→ WHAT YOU ARE ASKED TO DO
From the first line to the last, set down the material exactly and drop every picture.

→ DATA BELOW
'''

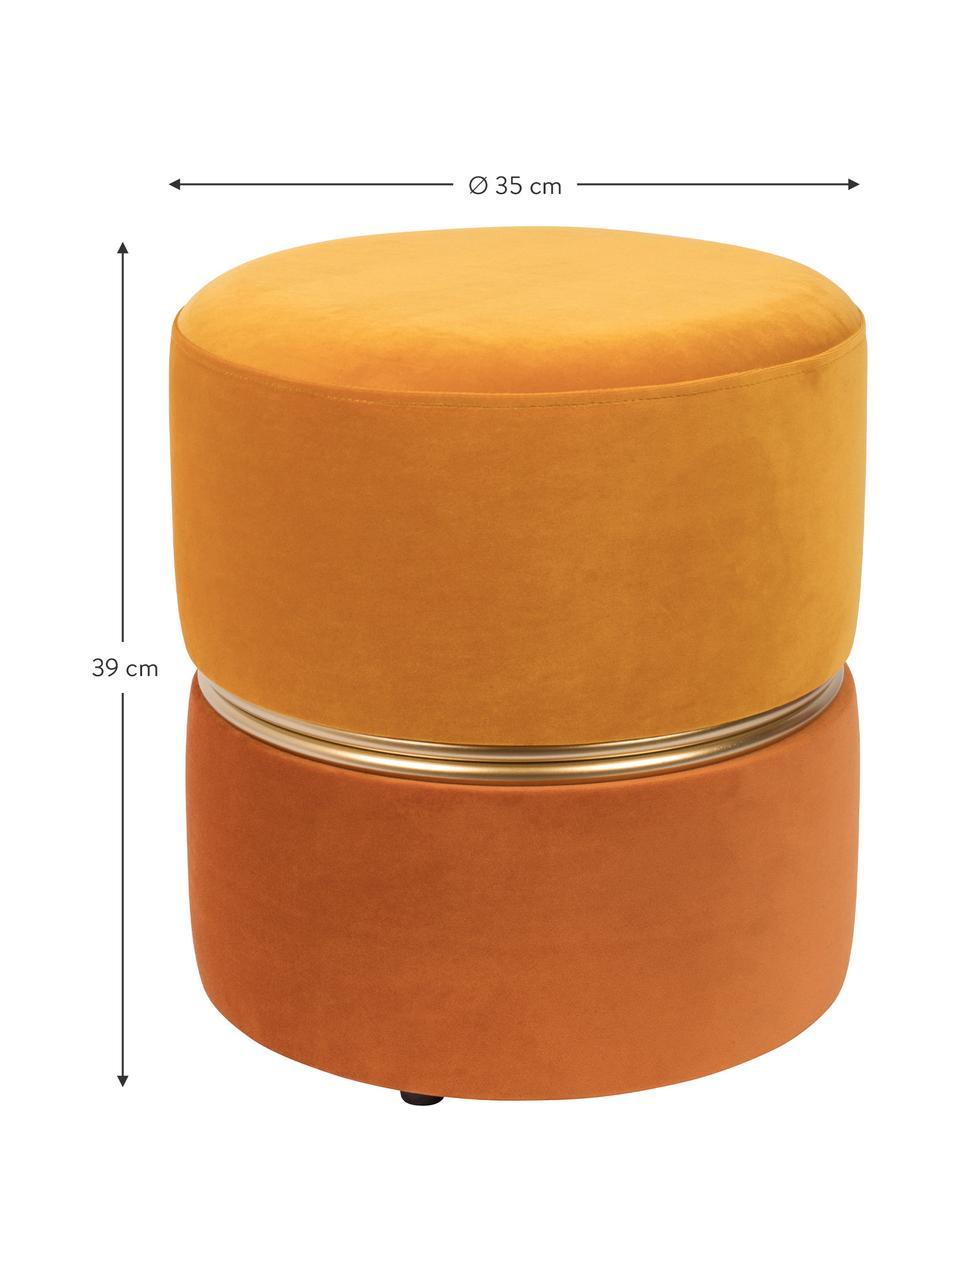 Puf z aksamitu Bubbly, Tapicerka: aksamit poliestrowy 2000, Stelaż: płyta pilśniowa średniej , Odcienie żółtego, Ø 35 x W 39 cm
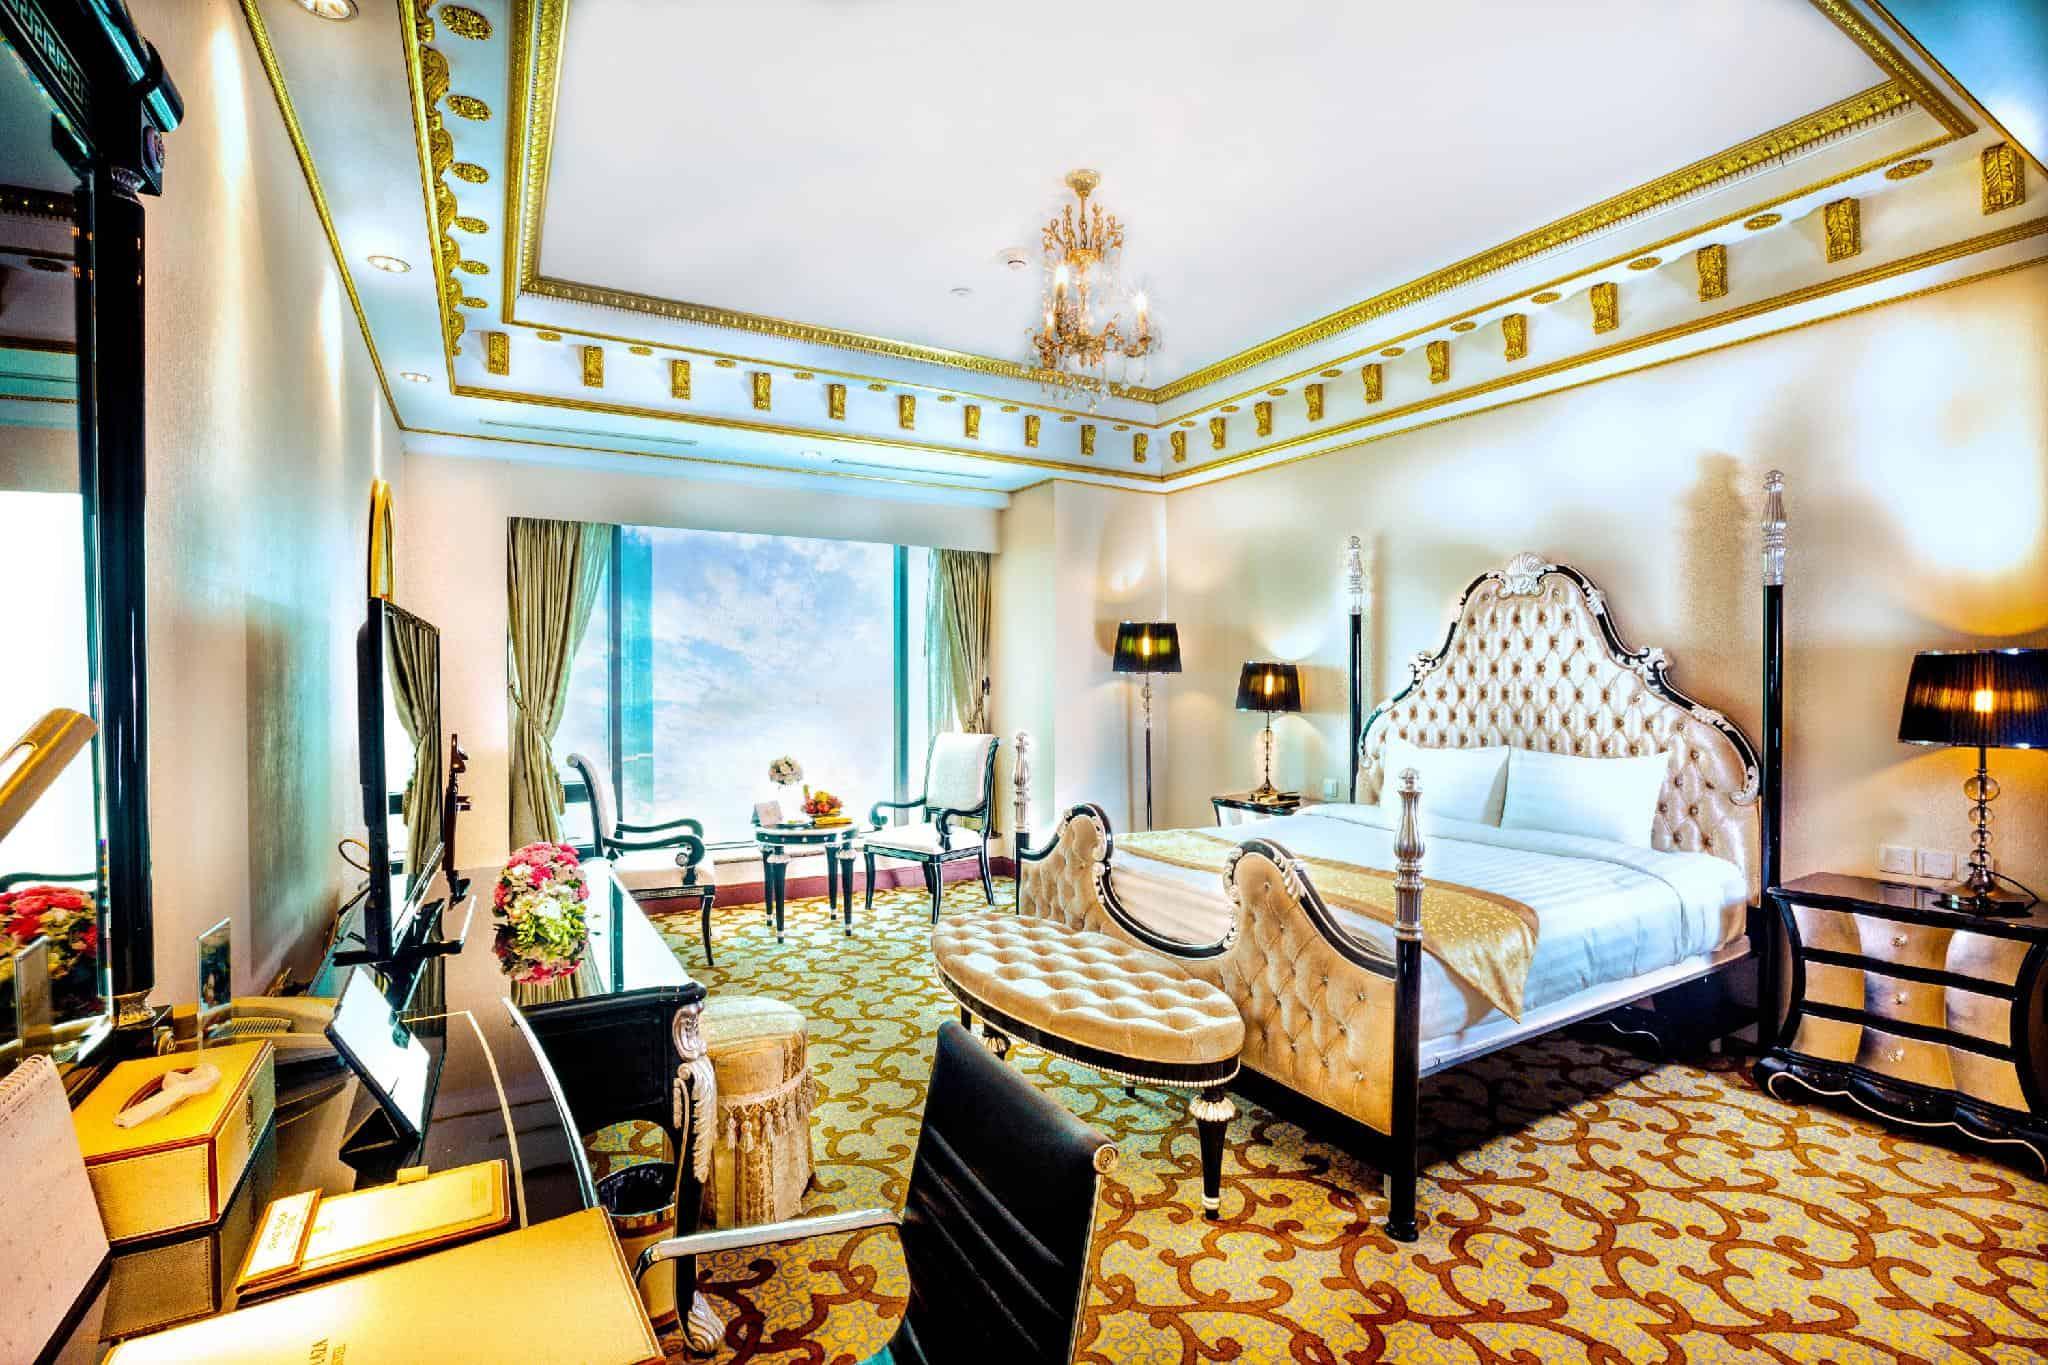 Phòng Suite Charmvit là phòng đẳng cấp bậc nhất tại Grand Plaza Hotel - Nguồn ảnh: Internet
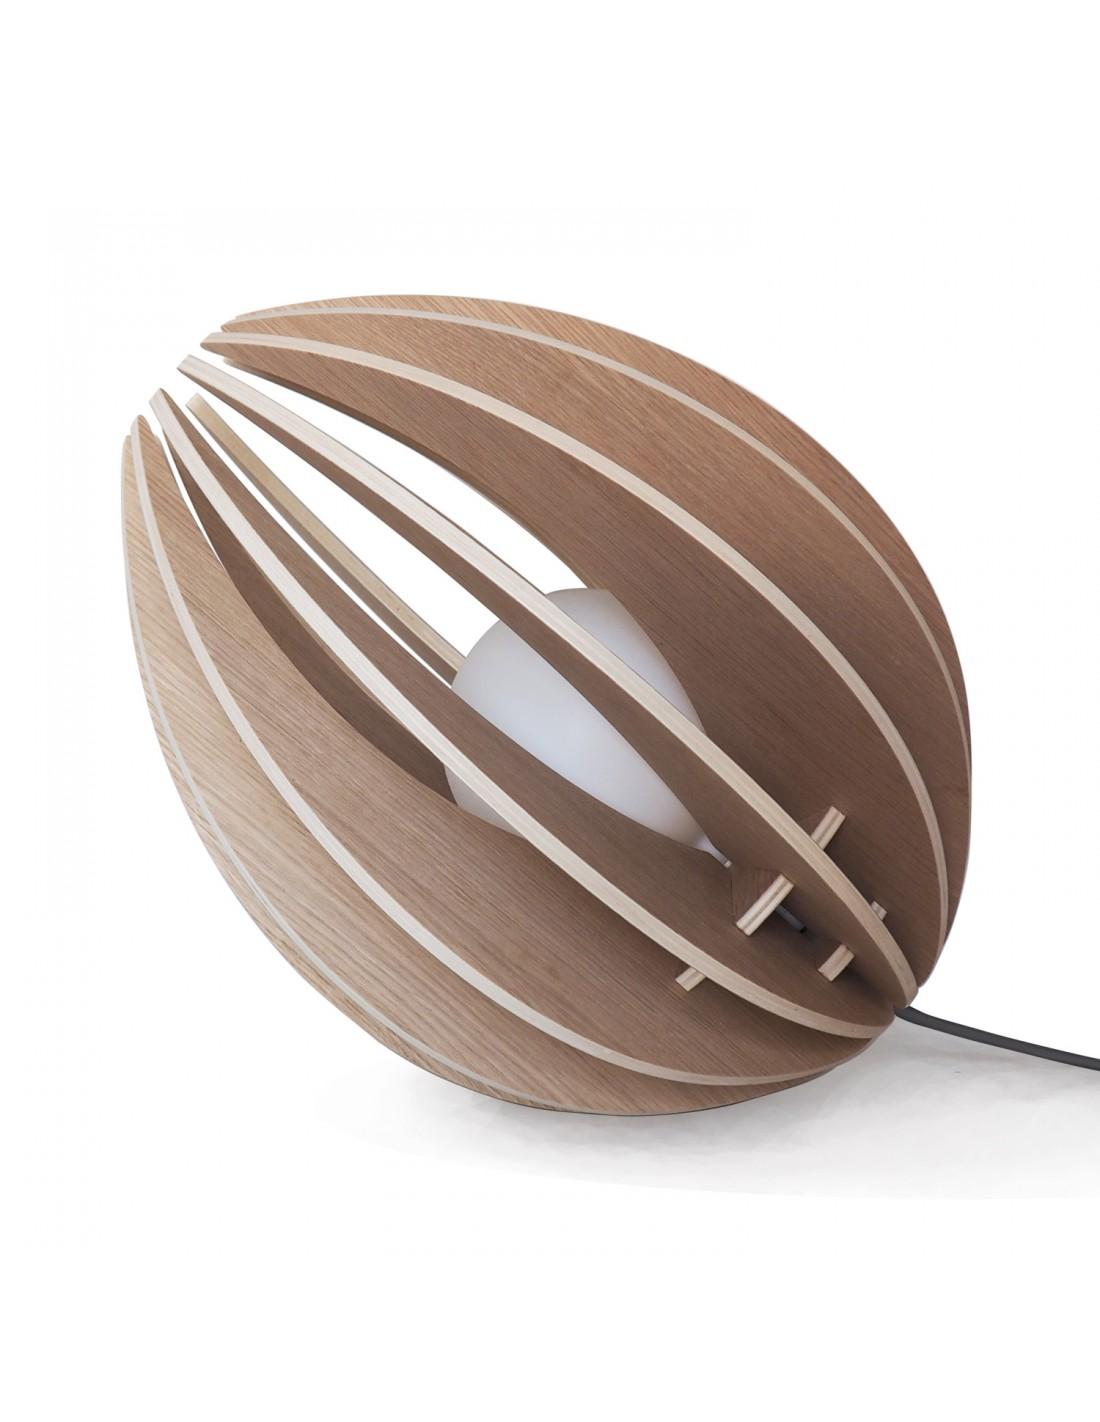 maison du monde Lampe à poser en bois avec fil noir sans ampoule

'''

→ ANSWER TO THE PROBLEM
 Puf z aksamitu Bubbly, Tapicerka: aksamit poliestrowy 2000, Stelaż: płyta pilśniowa średniej , Odcienie żółtego, Ø 35 x W 39 cm
 Phòng Suite Charmvit là phòng đẳng cấp bậc nhất tại Grand Plaza Hotel - Nguồn ảnh: Internet
 maison du monde Lampe à poser en bois avec fil noir sans ampoule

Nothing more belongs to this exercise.